General Motors and PSA Peugeot Citroën today announced the creation of an alliance that the companies claimed will leverage the combined strengths of both, contribute to their profitability, and “strongly improve” their competitiveness in Europe.
PSA already has partnerships with Ford, Toyota, BMW and Mitsubishi on components and engines. A previous GM alliance started in Europe with Fiat in 2000 failed in 2005 when GM spent $2 billion to buy its way out of a put option in the deal that allowed Fiat to sell its automotive company to GM for market value. Globally, alliances have had mixed results at automakers.
Earlier this month PSA posted weak results as Group operating income declined to €1,315 million from €1,796 million in 2010. Group operating income came to only €158 million in the second half, because of the Automotive Division’s €497 million loss during the period.
GM has been losing money at it European Opel/Vauxhall division for more than a decade – $700 million in 2011 alone. The European vehicle market is heading for its fifth straight year of declining sales.

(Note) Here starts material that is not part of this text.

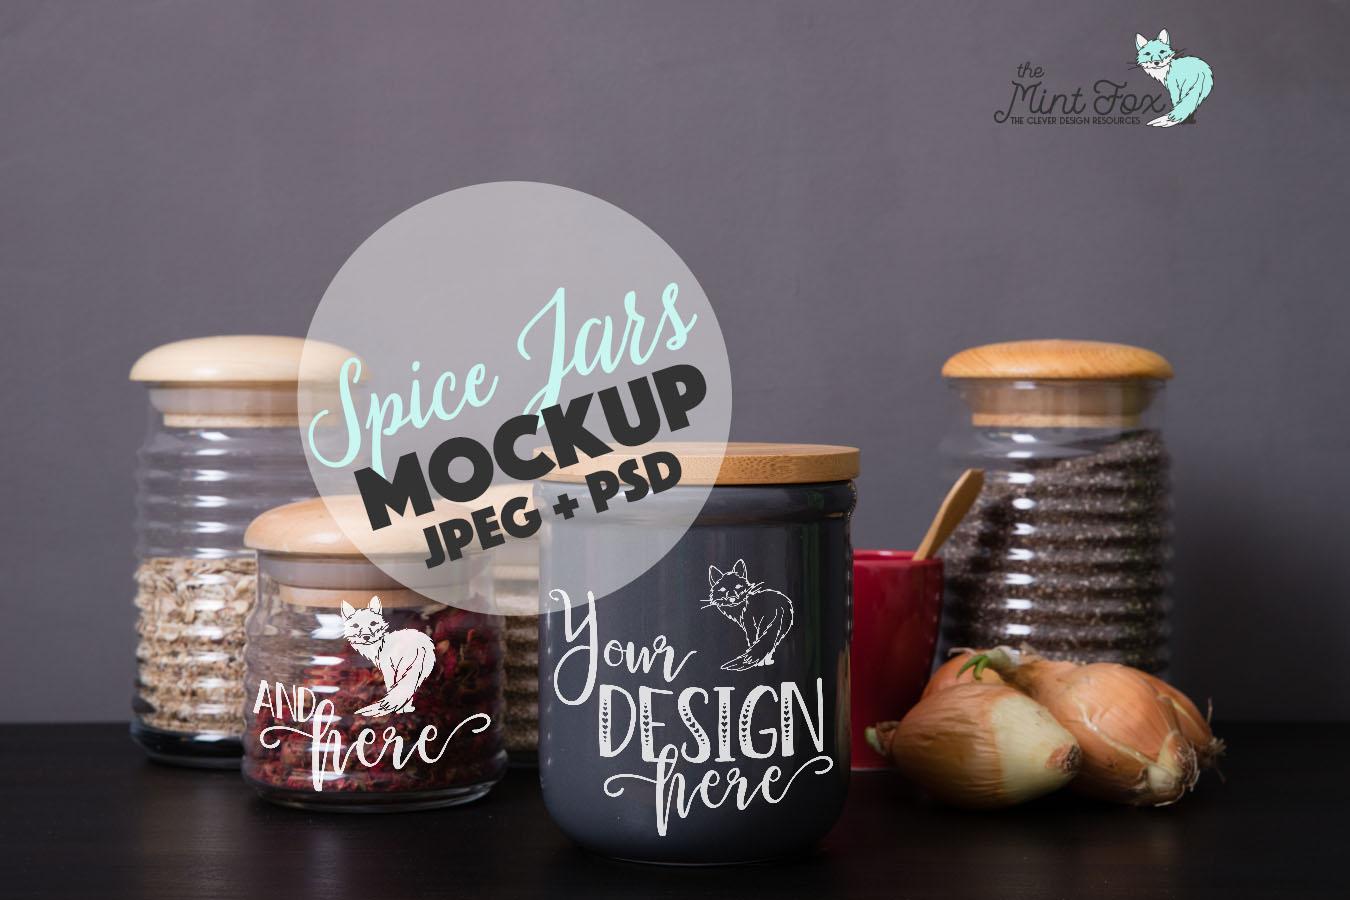 Spice Jars Mockup | PSD & JPG Kitchen Jar Mock Up example image 1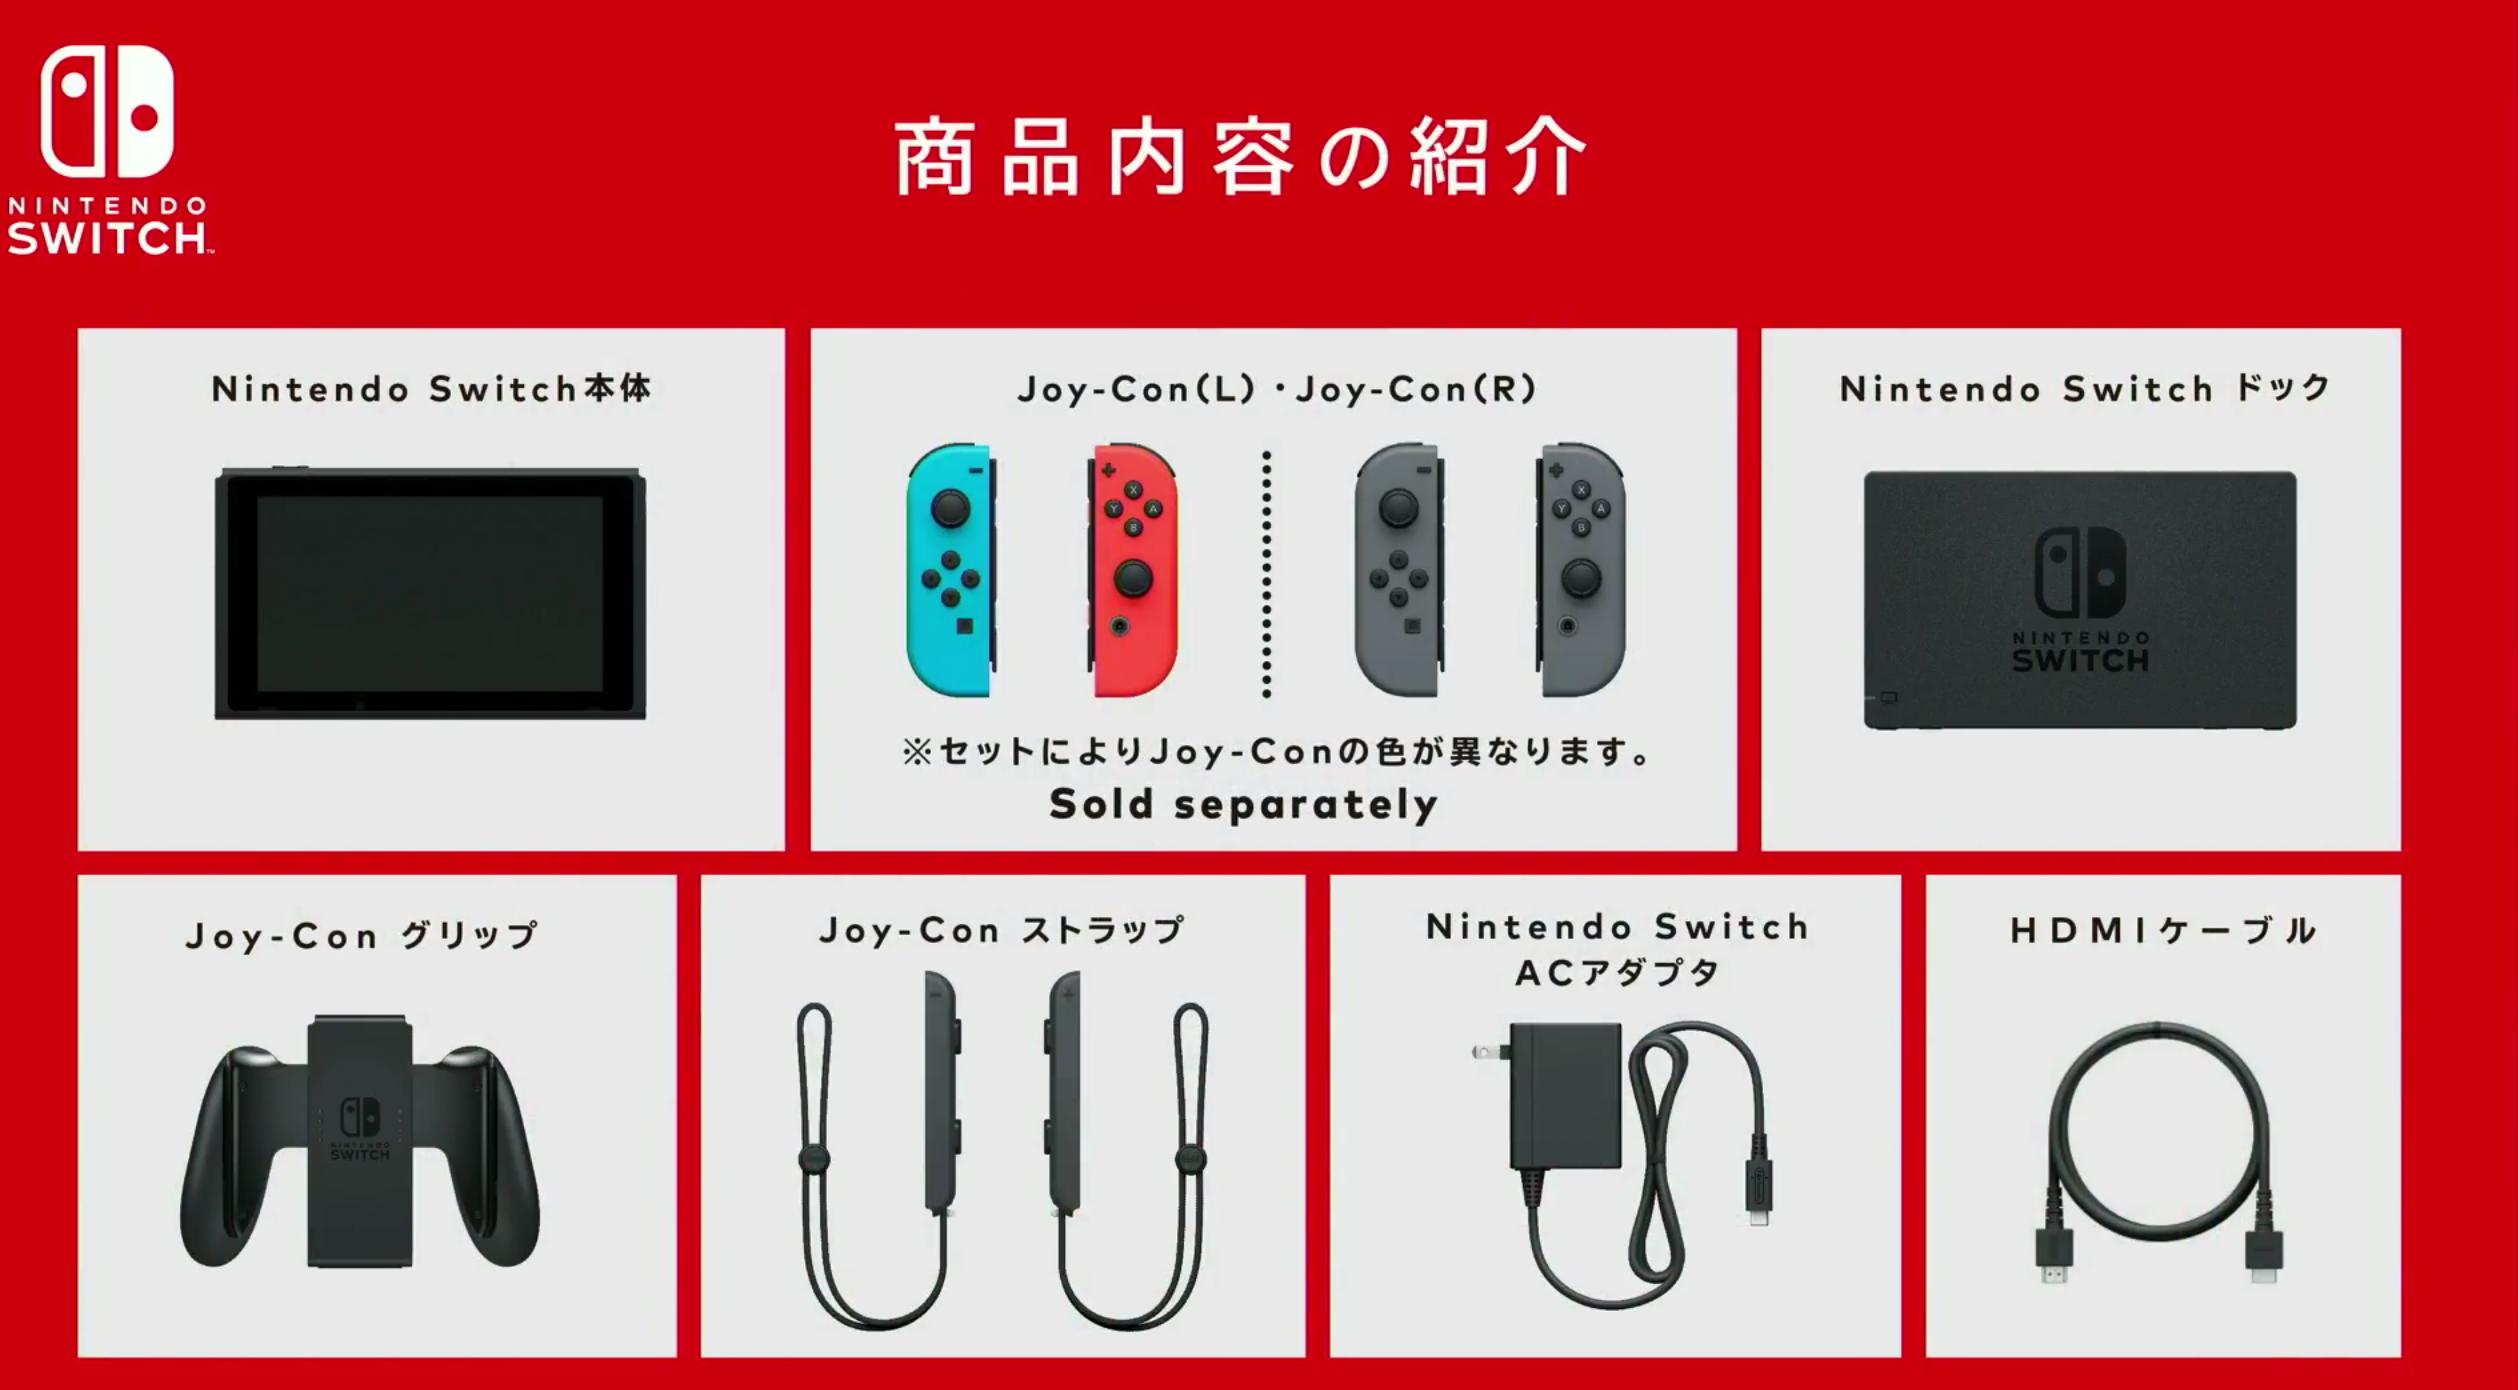 ninendo-switch-6

Both chairman Dan Akerson of GM and Philippe Varen of PSA said the strategy was not intended to reduce capacity in Europe at either company, a politically sensitive as well as a contractual issue at Opel and Peugeot and Citroen. Therefore, it appears each company is on its own sorting out their immediate European problems.
PSA said it will raise approximately €1 billion by issuing new shares through a syndicate of banks and including an investment from the Peugeot Family Group. The capital raised will be used to develop new vehicles with GM. As part of the agreement, GM plans to acquire a 7% equity stake in PSA Peugeot Citroën, making it the second-largest shareholder after the Peugeot Family Group. There are no put or call options in the new alliance. Nor is there a provision regarding the governance of PSA Peugeot Citroën by GM. GM said it does not intend to increase its stake beyond 7%. Peugeot said it would be its capital to finance new products and not buying a piece of GM.
The alliance is structured around the sharing of vehicle platforms, components and modules; and the creation of a global purchasing joint venture for the sourcing of commodities, components and other goods and services from suppliers with combined annual purchasing volumes of approximately $125 billion. The chairmen of both companies stressed they will continue to market and sell its vehicles independently and on a competitive basis.
The total synergies expected from the alliance are estimated at approximately $2 billion annually within about five years. The synergies will not come until new vehicle programs are implemented in so-called low CO2 platforms, as well as additional products in the B small car and D mid-size segments, with limited results predicted during the first two years. It is expected the synergies will be shared about evenly between the two companies.
Where this leaves Opel in GM is not immediately clear. It was the lead at GM engineering for both small and mid-size cars. All Stephen Girsky, GM vice chairman, said during a media call was that under the governance structure with 4 senior representatives from each partner Opel would have “influence” on the alliance.